# Machine Learning Basics
In this module, you'll be implementing a simple Linear Regressor and Logistic Regressor. You will be using the Salary Data for the tasks in this module. <br> <br>
**Pipeline:**
* Acquiring the data - done
* Handling files and formats - done
* Data Analysis - done
* Prediction
* Analysing results

## Imports
You may require NumPy, pandas, matplotlib and scikit-learn for this module. Do not, however, use the inbuilt Linear and Logistic Regressors from scikit-learn.

In [None]:
import numpy as np
import pandas as pd
import matplotlib.pyplot as plt
from sklearn.model_selection import train_test_split

## Dataset
You can load the dataset and perform any dataset related operations here. Split the data into training and testing sets. Do this separately for the regression and classification problems.

In [None]:
data = pd.read_csv('/home/cupgreek/Documents/ML_Assignments/Data/SalaryData.csv')

## Task 1a - Linear Regressor
Code your own Linear Regressor here, and fit it to your training data. You will be predicting salary based on years of experience.

In [None]:
def calc_coef(x, y): 
    size = np.size(x)  
    mean_x, mean_y = np.mean(x), np.mean(y) 
    SS_xy = np.sum(y*x) - size*mean_y*mean_x 
    SS_xx = np.sum(x*x) - size*mean_x*mean_x  
    b1 = SS_xy / SS_xx 
    b0 = mean_y - b1*mean_x 
    return(b0, b1) 
  
def predict(x, y, b): 
    plt.scatter(x, y) 
    y_pred = b[0] + b[1]*x 
    plt.plot(x, y_pred, color = "g") 
    plt.xlabel('Years Of Experience') 
    plt.ylabel('Salary')  
    plt.show()
    
x = np.array(data.iloc[:,0:1]) 
y = np.array(data.iloc[:,1:])

x_train,x_test = train_test_split(x, test_size = 0.3,random_state = 2)
y_train,y_test = train_test_split(y, test_size = 0.3, random_state = 2)

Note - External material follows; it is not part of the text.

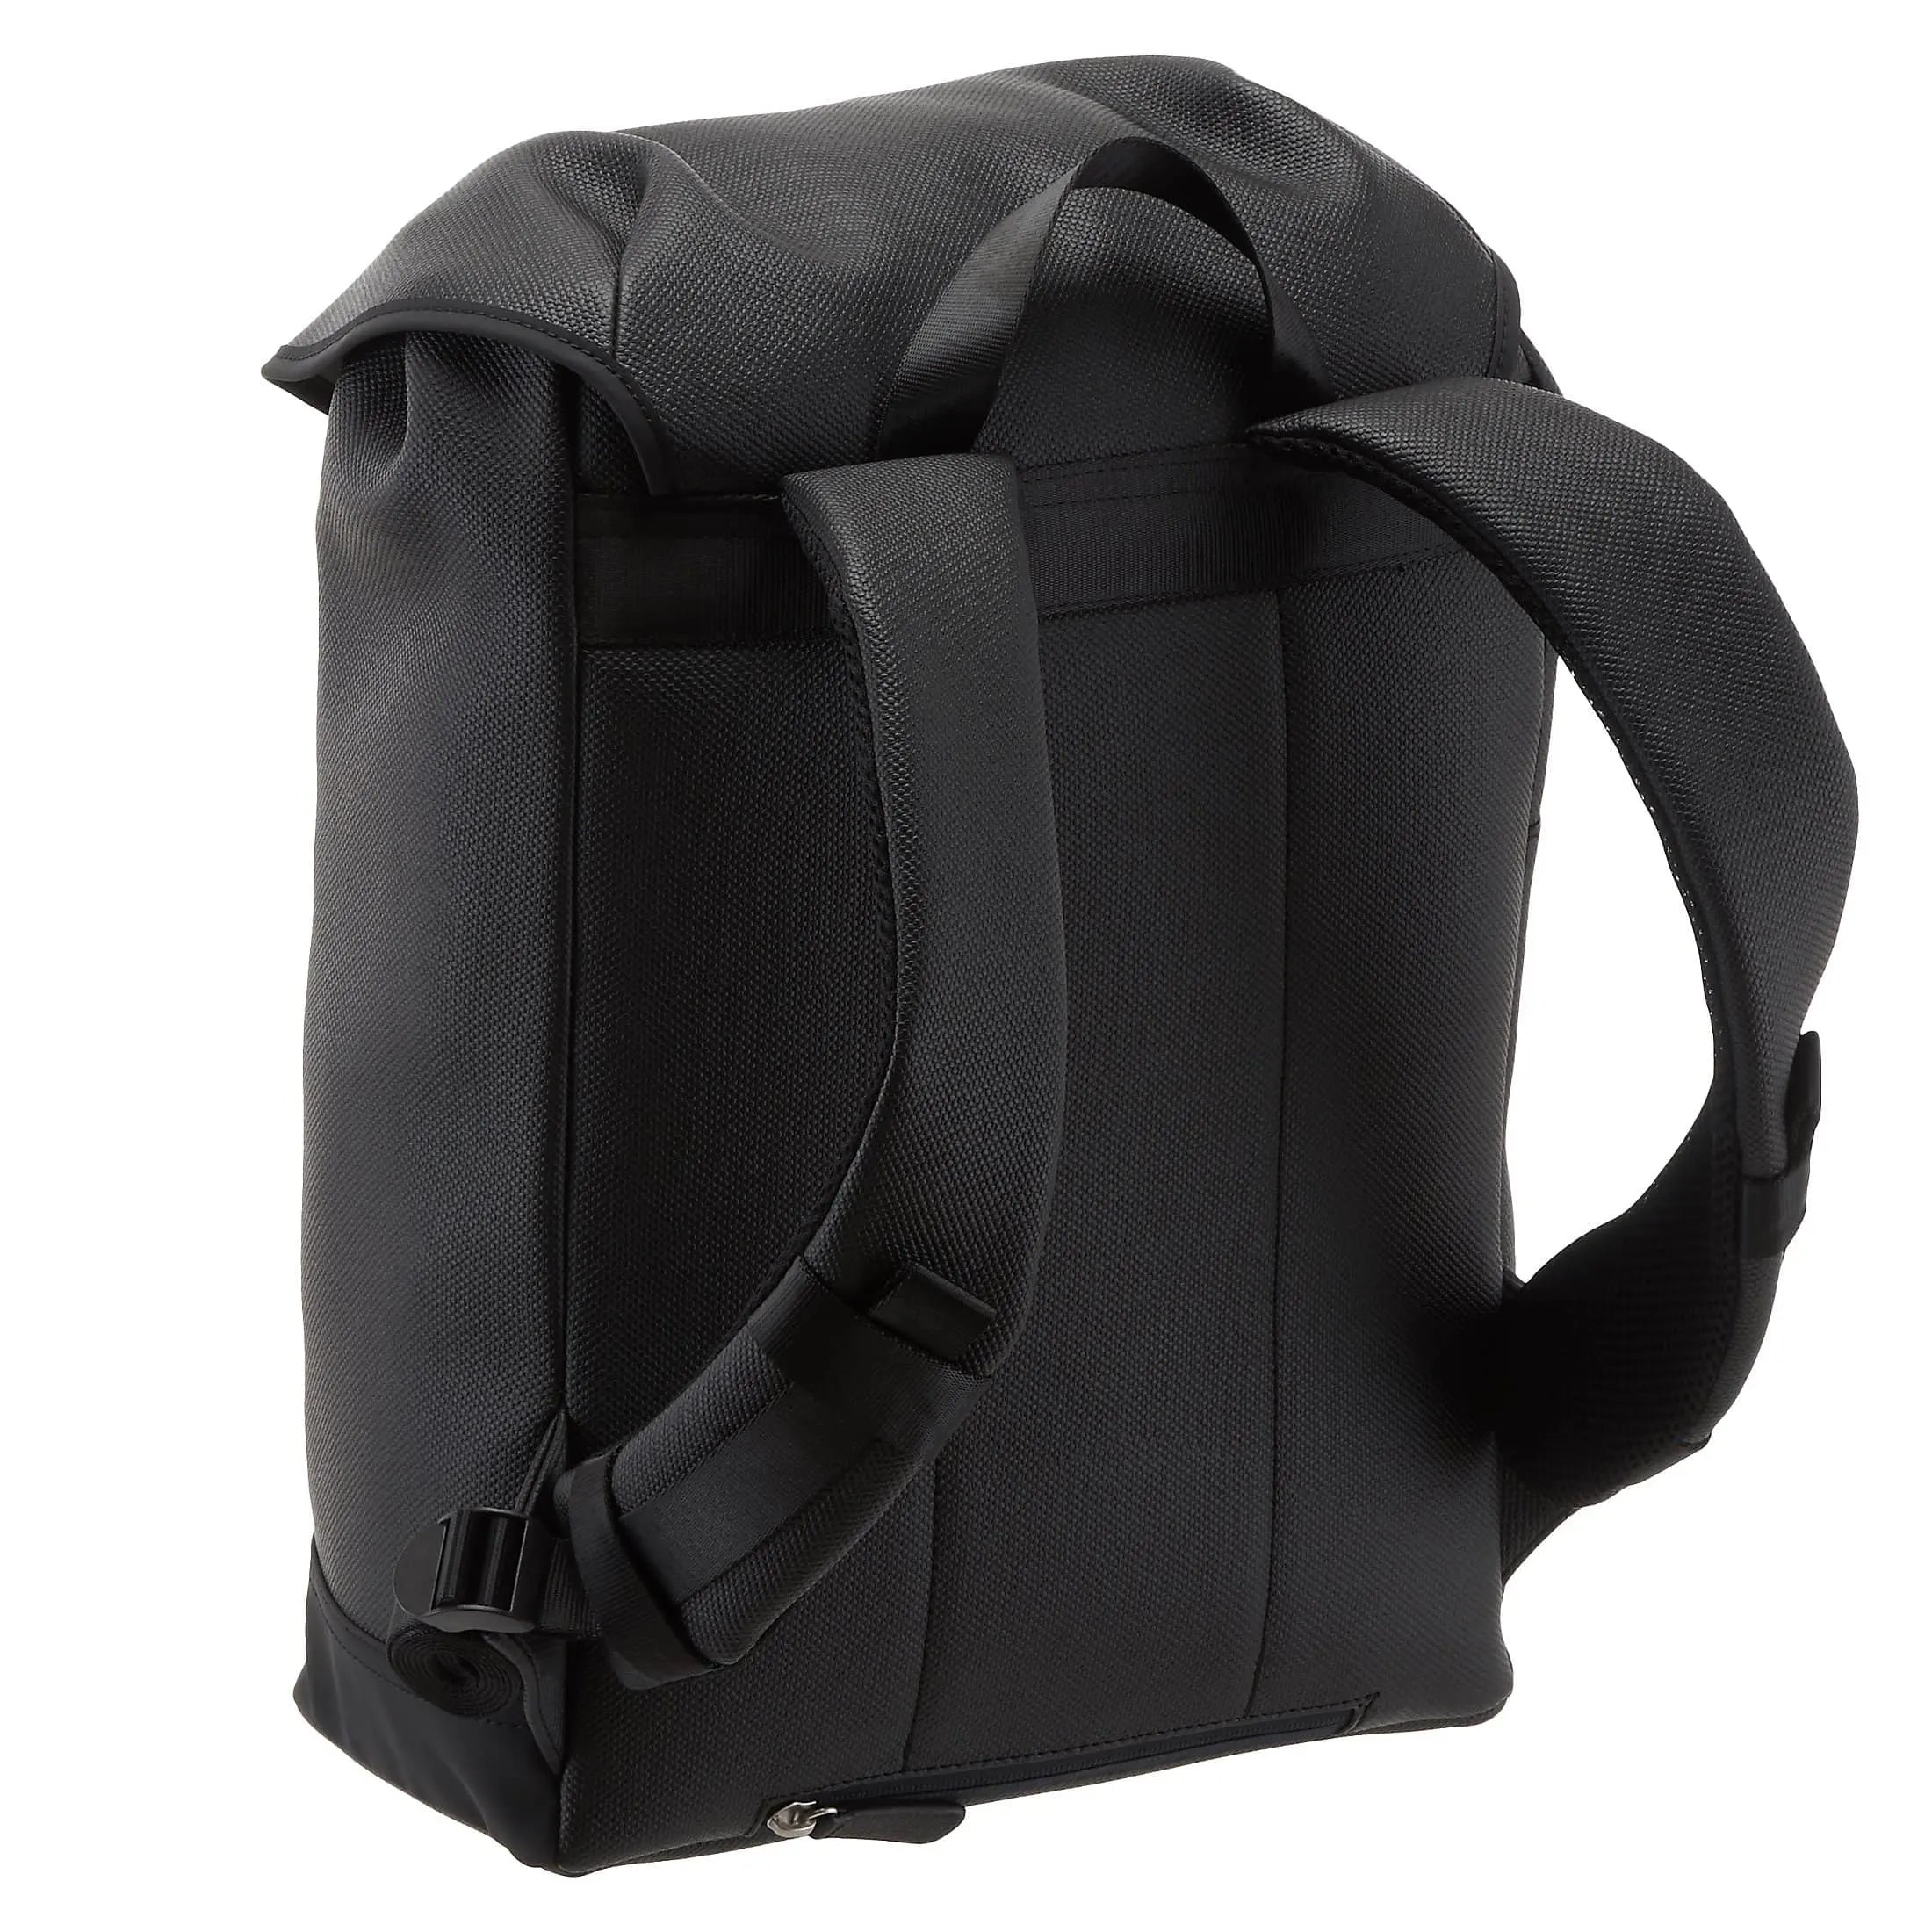 Strellson Royal Oak Backpack MVF 42 cm - black

b = calc_coef(x_train, y_train)
predict(x_test, y_test, b) 

## Task 1b - Logistic Regression
Code your own Logistic Regressor here, and fit it to your training data. You will first have to create a column, 'Salary<60000', which contains '1' if salary is less than 60000 and '0' otherwise. This is your target variable, which you will aim to predict based on years of experience.

In [None]:
lst = []
for i in data['Salary']:
    if i > 60000:
        lst.append(1)
    else:
        lst.append(0)
        
y = np.array(lst)
x = np.array(data.iloc[:,0:1]) 

In [None]:
import numpy as np
import matplotlib.pyplot as plt
import random

x_train,x_test = train_test_split(x, test_size = 0.3,random_state = 2)
y_train,y_test = train_test_split(y, test_size = 0.3,random_state = 2)

one1 = np.ones((1,15))
one2 = np.ones((1,15))

x_train = np.append(one1,x_train)
x_test = np.append(one2,x_test)

x_train = x_train.reshape((2,-1))
x_test = x_test.reshape((2,-1))

In [None]:
beta = np.array([0,random.randint(1,101)/100])
for i in range(10000):
    beta = beta.reshape((2,-1))
    sig = 1.0/(1 + np.exp(-np.dot(beta.T, x_train)))
    if np.dot((y_train-sig),(x_train.T)).all() <= 0:
        break
    else:
        beta = beta + 0.5*np.dot((y_train-sig),(x_train.T)).T
        
y_pred = np.dot(beta.T,x_test)

In [None]:
lst = []
for i in y_pred:
    for j in i:
        if j>0:
            lst.append(1)
        else:
            lst.append(0)
lst = np.array(lst)
plt.scatter(x_test[1],y_test)

In [None]:
plt.scatter(x_test[1],lst)

## Task 2 - Results
Analyse the quality of the ML models you built using metrics such as R2, MAE and RMSE for the Linear Regressor, and Accuracy for the Logistic Regressor. Evaluate their performance on the testing set.